コンピュータサイエンスの名門、英UCL(University College of London)の研究者たちが起業したロンドンのスタートアップAcoustoFab社。超音波スピーカーをアレイ上に配置し、位相差で駆動することにより、「何も触れていないのに物体を動かす」技術を研究している。

2023年に創業したばかりで、現時点では創業メンバー+UCLのみがシェアホルダーというシードステージのスタートアップだ。

AcoustoFabの音響浮遊技術

こちらはCES2024にて筆者が撮影したデモである。

中央のロケットは、CGの後処理でなく、実際に何も無い空間に浮遊している。ロケットの上下に超音波スピーカーが敷き詰められていて、この音波によってモノを持ち上げることができる。この音響浮遊技術がまさにAcoustoFabのコア技術だ。なお音声ノイズはスマホのマイクが超音波を拾っているためであり、実際にはこのような音は聞こえない。

音響浮遊技術により物体の工作を行うことを意図して、社名に「Fab」を入れているという。まだ研究開発の段階で、最初のプロトタイプ製品がローンチするのは2024年末の予定だ。

バイオや製薬、材料などの業界で応用期待

ロボットアームなどを使う場合、マニピュレータなどの物理的な接触を避けることができず、それによりコンタミネーション(意図しない異物の混入)を招く恐れがある。
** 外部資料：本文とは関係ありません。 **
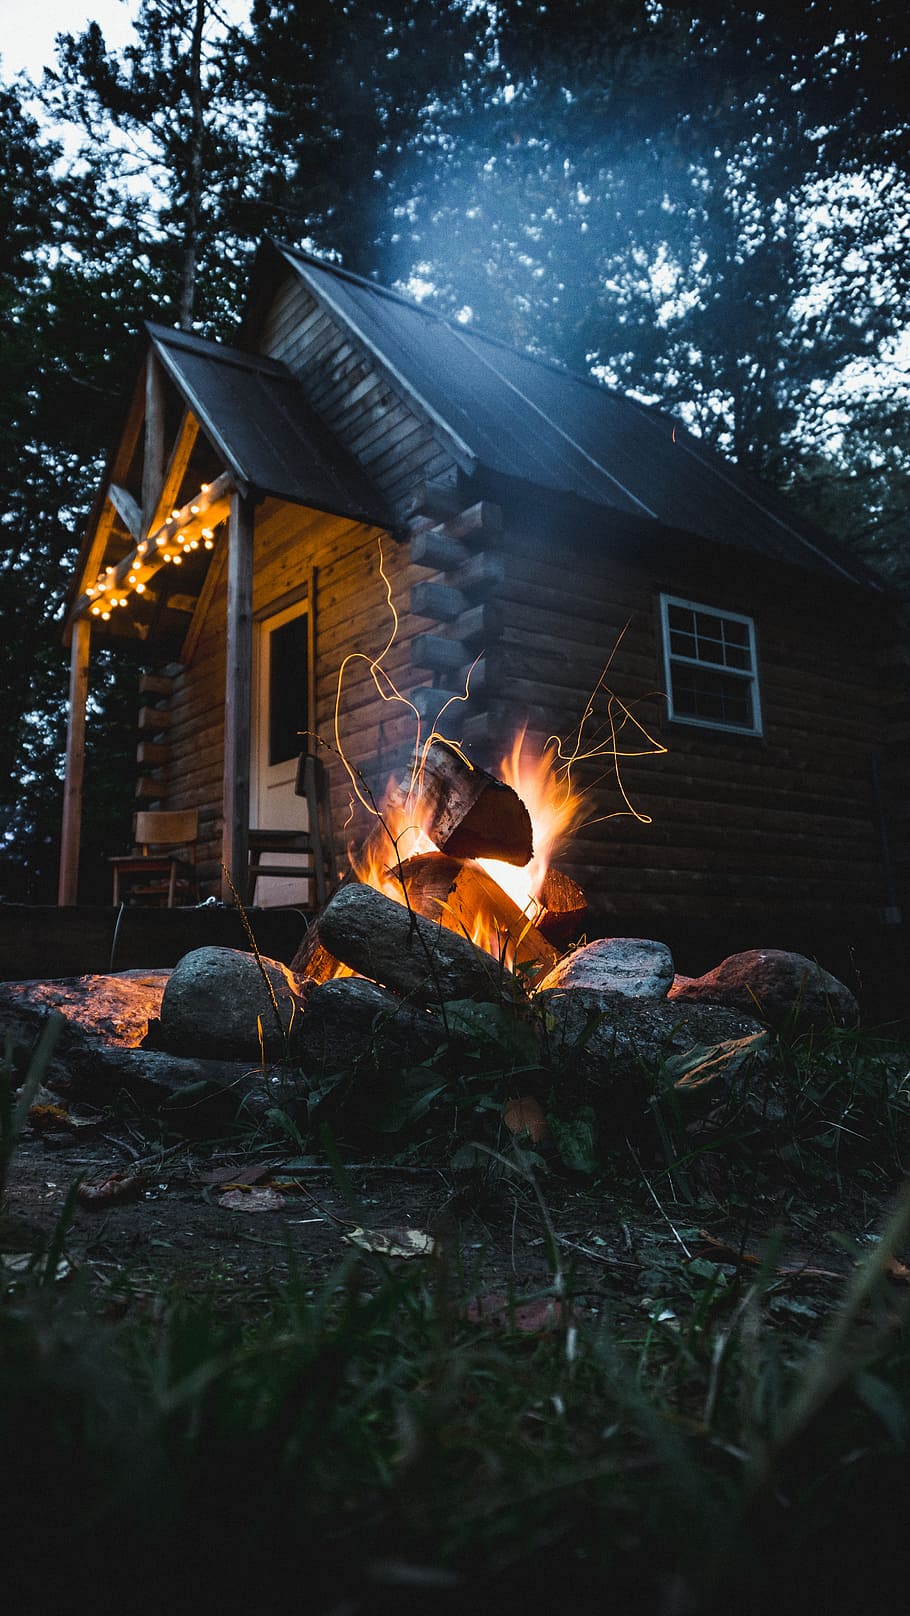 bonfire nearby house, cabin, evening, campfire, vermont, forest

AcoustoFabの製品は、音響浮遊技術によりまったく物体に触れずに動かせるので、コンタミネーションの恐れなく、液体同士を「混ぜる」、「塗りつける」などの工作が可能。バイオや製薬、材料などの業界で応用が期待される。

なお物体を動かせるのはスピーカーが敷き詰められた範囲のみで、動かすトルクも小さいが、これまでに存在しなかった新しい加工方法となりえる。AcoustoFabでは、薬品やバイオなどを想定した、シリンジ付きのものも開発中だ。

AcoustoFabは、技術デモを中心としたさまざまな研究に加え、実際の工作機械やサービスを提供することを想定している。必要なスピーカーを上下2方向(さらに上1方向だけ)に減らしたり、さらにより重いものを安定して浮かせるなど、多くの改良を加えている。